How to use groupby with counting function ?
I have following data and I want following output :
Desired output :
Stock | TOTAL | INPROGRESS | CANCEL | COMPLETED
-----------------------------------------------
HCL | 4 | 2 | 1 | 1
TCS | 5 | 2 | 0 | 2
NOTE : I stored this data in hashmap. Key : OrderId, Value : OrderModel (PairName, staus)
I can achieve with following code. But I want more correct code. Please suggest me if you have other ways.
public static void main(String[] args) {
Map<Integer, Model> test = new HashMap<Integer, Model>();
Model m1 = new Model("HCL", "Inprogress");
Model m2 = new Model("HCL", "Cancel");
Model m3 = new Model("HCL", "Inprogress");
Model m4 = new Model("HCL", "Completed");
Model a1 = new Model("TCS", "Inprogress");
Model a2 = new Model("TCS", "Inprogress");
Model a3 = new Model("TCS", "Inprogress");
Model a4 = new Model("TCS", "Completed");
Model a5 = new Model("TCS", "Completed");
int count = 1;
test.put(count++, m1);
test.put(count++, m2);
test.put(count++, m3);
test.put(count++, m4);
test.put(count++, a1);
test.put(count++, a2);
test.put(count++, a3);
test.put(count++, a4);
test.put(count, a5);
Map<String, Model> countPair = new HashMap<String, Model>();
test.forEach((k, v) -> System.out.println("Key:" + k + " Pair:" + v.getName() + " Status:" + v.getStatus()));
System.out.println(" With Count !!!!");
List<Model> list = new ArrayList<Model>();
test.entrySet().stream().forEach(e -> list.add(e.getValue()));
// Total
Map<String, Long> counted = list.stream().collect(Collectors.groupingBy(Model::getName, Collectors.counting()));
counted.forEach((k, v) -> {
countPair.put(k, new Model.ModelBuilder().setTotal(v).build());
});
// Inprogress
counted = list.stream().filter(e -> e.getStatus().equals("Inprogress"))
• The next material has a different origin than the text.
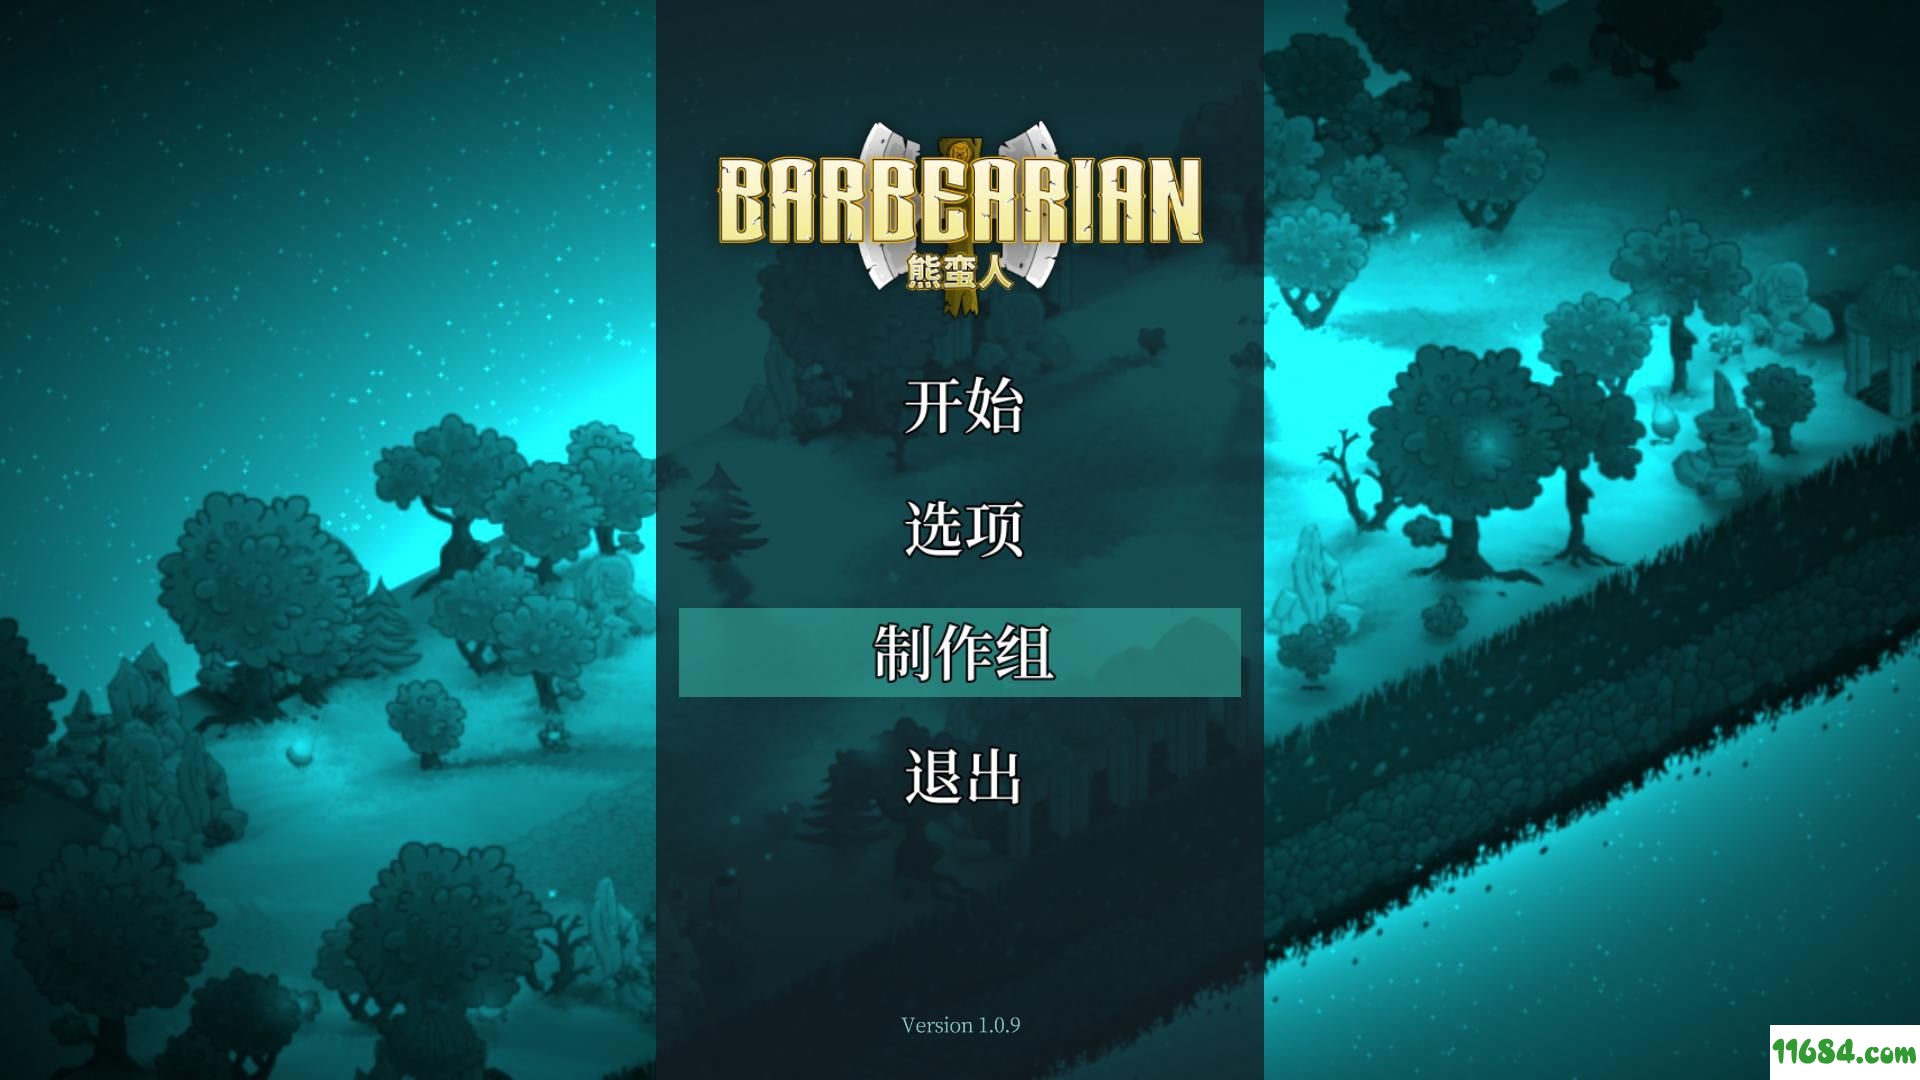 熊蛮人游戏下载-熊蛮人Barbearian v1.0.10 免安装中文版下载

.collect(Collectors.groupingBy(Model::getName, Collectors.counting()));
counted.forEach((k, v) -> countPair.get(k).setInProgressCount(v));
// Cancel
counted = list.stream().filter(e -> e.getStatus().equals("Cancel"))
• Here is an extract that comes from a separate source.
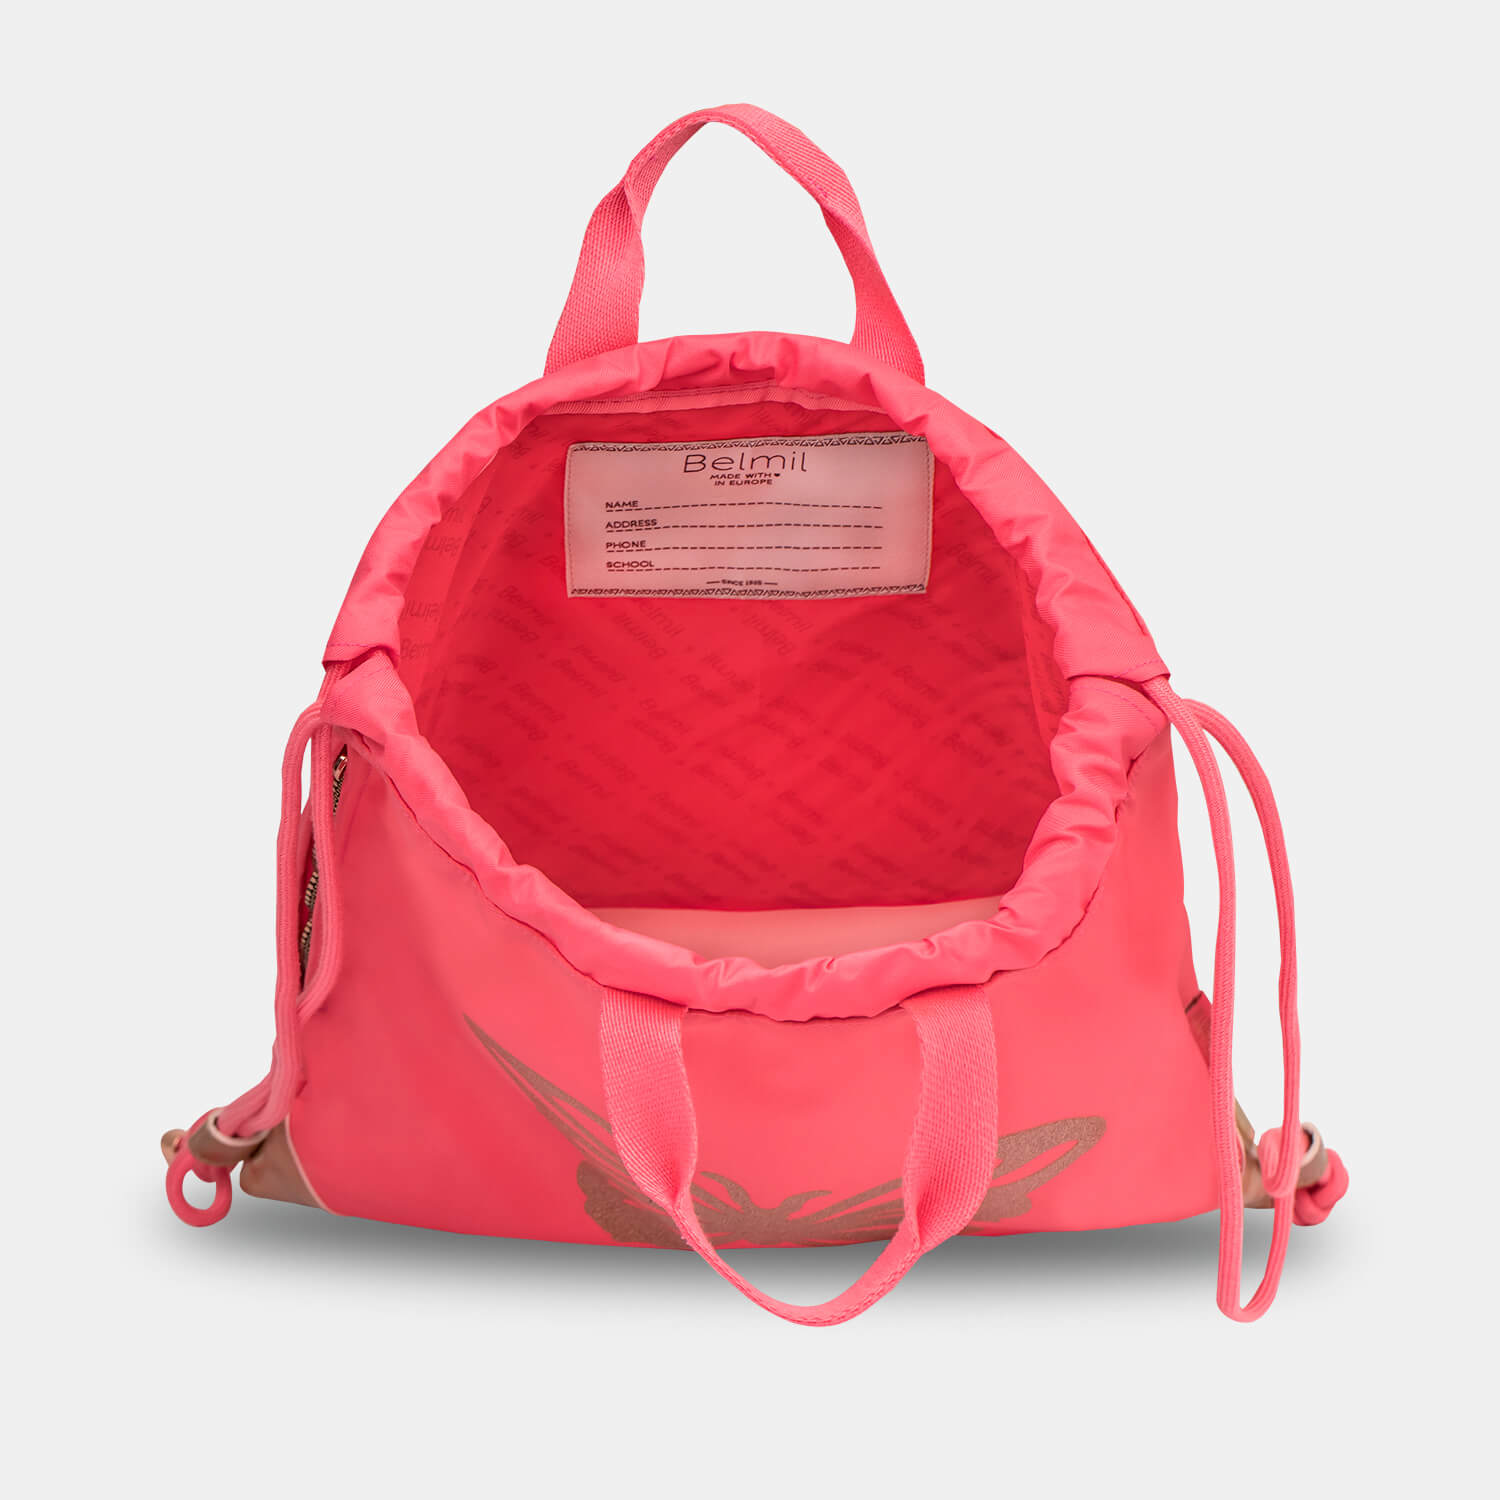 Petite Premium Shoulder bag Coral with GRATIS Gym bag

.collect(Collectors.groupingBy(Model::getName, Collectors.counting()));
counted.forEach((k, v) -> countPair.get(k).setCancelCount(v));
// Completed
counted = list.stream().filter(e -> e.getStatus().equals("Completed"))
.collect(Collectors.groupingBy(Model::getName, Collectors.counting()));
counted.forEach((k, v) -> countPair.get(k).setCompletedCount(v));
countPair.forEach((k, v) -> System.out.println("Pair : " + k + " : " + v.getTotal() + " , "
+ v.getInProgressCount() + " , " + v.getCancelCount() + " , " + v.getCompletedCount()));
}
Model :
public class Model {
private String name;
private String status;
private long total;
private long inProgressCount;
private long completedCount;
private long cancelCount;
static class ModelBuilder {
private long total;
private long inProgressCount;
private long completedCount;
private long cancelCount;
public ModelBuilder setTotal(long total) {
this.total = total;
return this;
}
public ModelBuilder setInProgressCount(long inProgressCount) {
this.inProgressCount = inProgressCount;
return this;
}
public ModelBuilder setCompletedCount(long completedCount) {
this.completedCount = completedCount;
return this;
}
public ModelBuilder setCancelCount(long cancelCount) {
this.cancelCount = cancelCount;
return this;
}
public Model build() {
return new Model(this);
}
}
public Model(ModelBuilder modelBuilder) {
this.total = modelBuilder.total;
this.inProgressCount = modelBuilder.inProgressCount;
this.completedCount = modelBuilder.completedCount;
this.cancelCount = modelBuilder.cancelCount;
}
public Model(String name, String status) {
super();
this.name = name;
this.status = status;
}
//getter and setter
}
I would do it like this:
List<Model> test = Arrays.asList(
new Model("HCL", "Inprogress"),
new Model("HCL", "Cancel"),
new Model("HCL", "Inprogress"),
new Model("HCL", "Completed"),
new Model("TCS", "Inprogress"),
new Model("TCS", "Inprogress"),
new Model("TCS", "Inprogress"),
new Model("TCS", "Completed"),
new Model("TCS", "Completed")
);
Map<String, Map<String, Long>> result = test.stream()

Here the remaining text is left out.